Originally, it was “more spacious than any in Vienna”, with a capacity of almost 2,000 whereas today it seats 950.

Even at only 3/4 capacity that is generated heat of 1500 * 100W = 150kW. If the building was reasonably insulated, one might in a normal winter have been more concerned with how to cool the building when at or near capacity.

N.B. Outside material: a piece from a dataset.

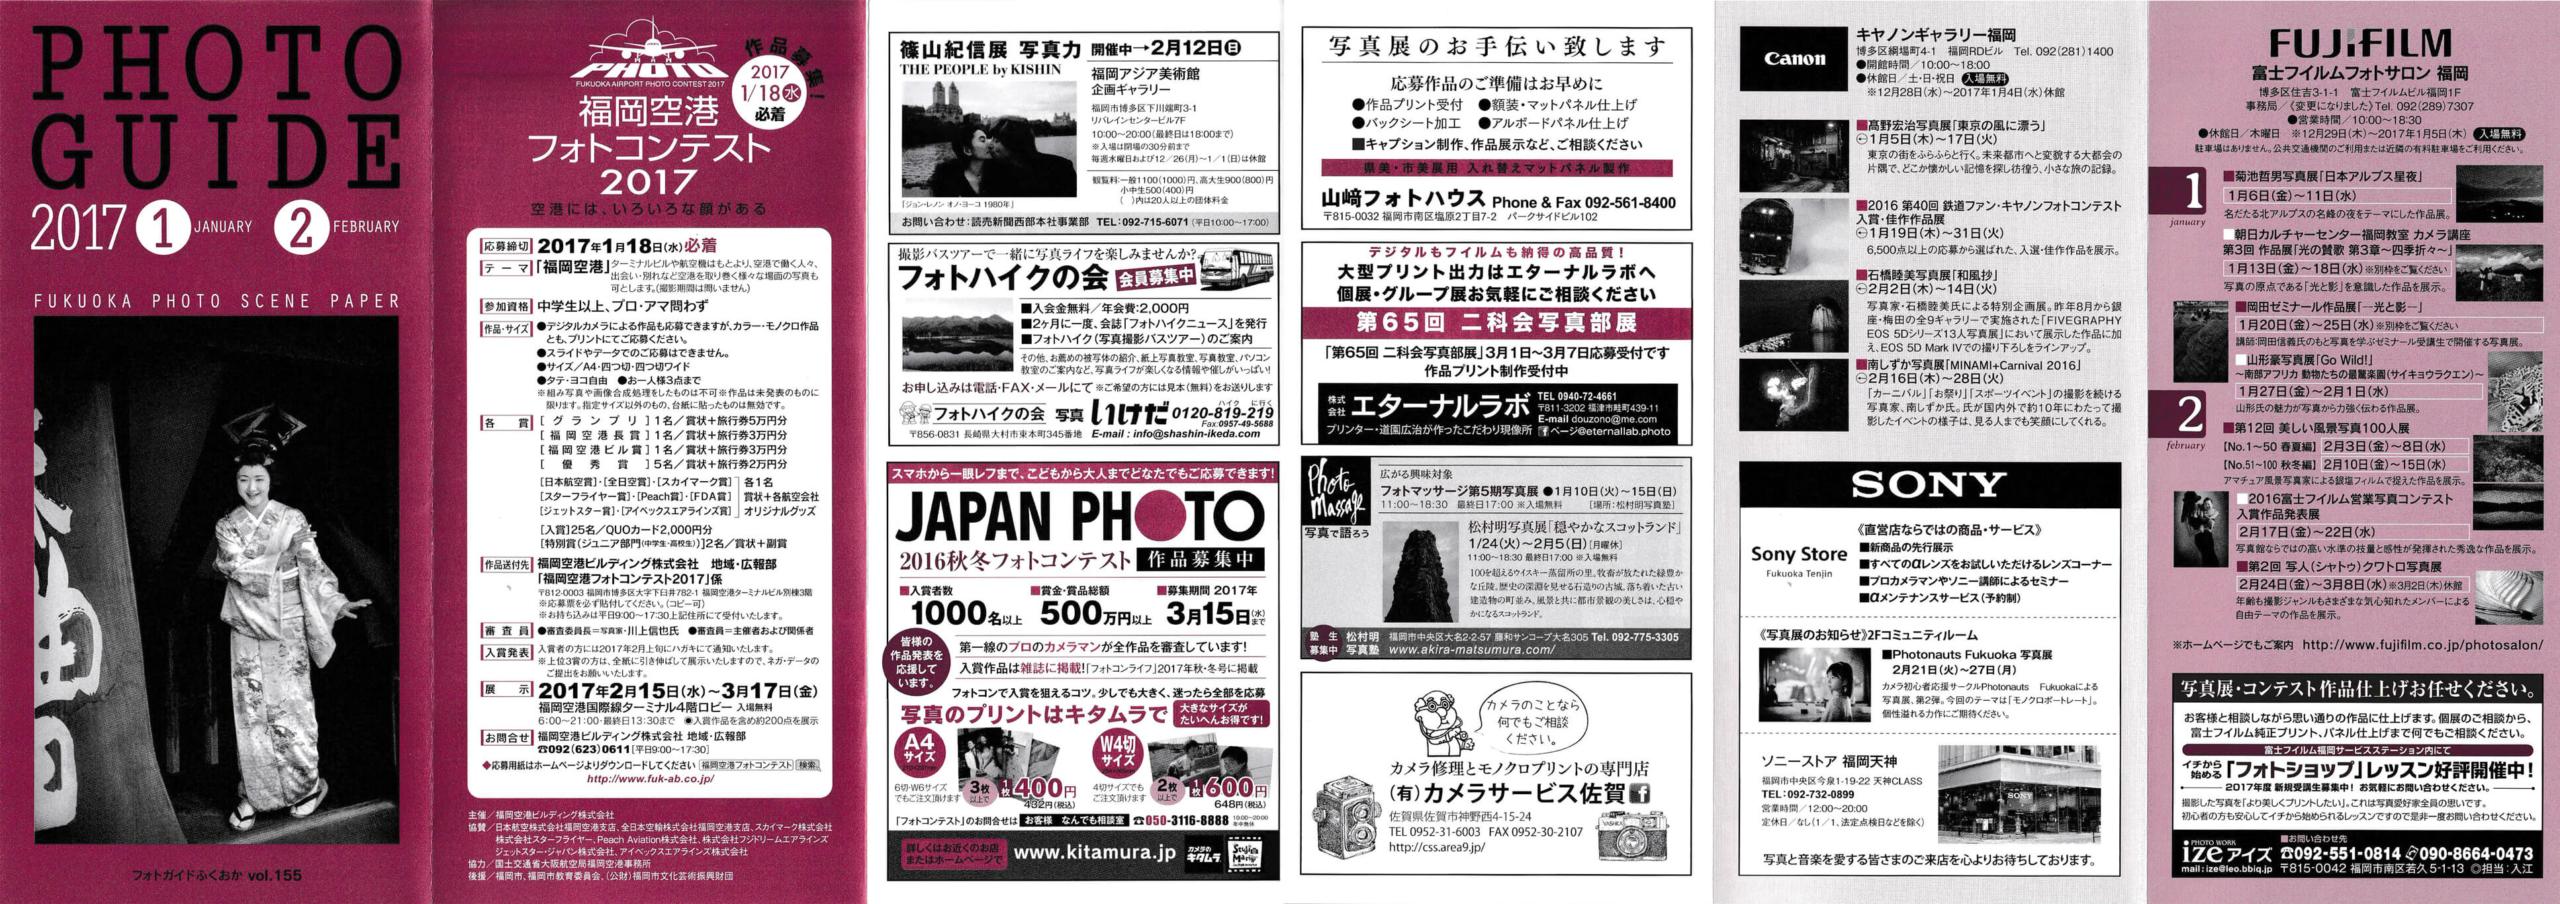 フォトガイドふくおか|アーカイブ|vol155

Typical December temperatures in Vienna are not particularly cold, with typical daily highs around 3C (38F) and overnight lows about -1C (30F). However the winter of 1808/09 was one of the coldest on record across Europe. I coudn't find records specifically for Vienna, but:

At Stockholm [, only] the winters 1788/89 and 1808/09 are found to be colder [than that of 1941/42].


From my comment below:

Theatrical events are typically preceded by 60 minutes or more of meet & greet as patrons enter the building. It can take another 20 minutes after that to seat everyone. And, traditional European formal attire is already intended to keep one warm in temperatures of around 10-12 C; not the 20-22C we normally think of as room temperature.

Observe here, from the Congress of Vienna in 1815, the men's attire for a business meeting. Note the jackets, with stiff high collar on both jacket and blouse to keep out drafts. The reason men today feel so compelled to remove their jacket immediately on entering a building is that our modern room temperature is about 10C warmer than that which the attire is designed for. This is also why the collars have lowered and gotten looser over the past century.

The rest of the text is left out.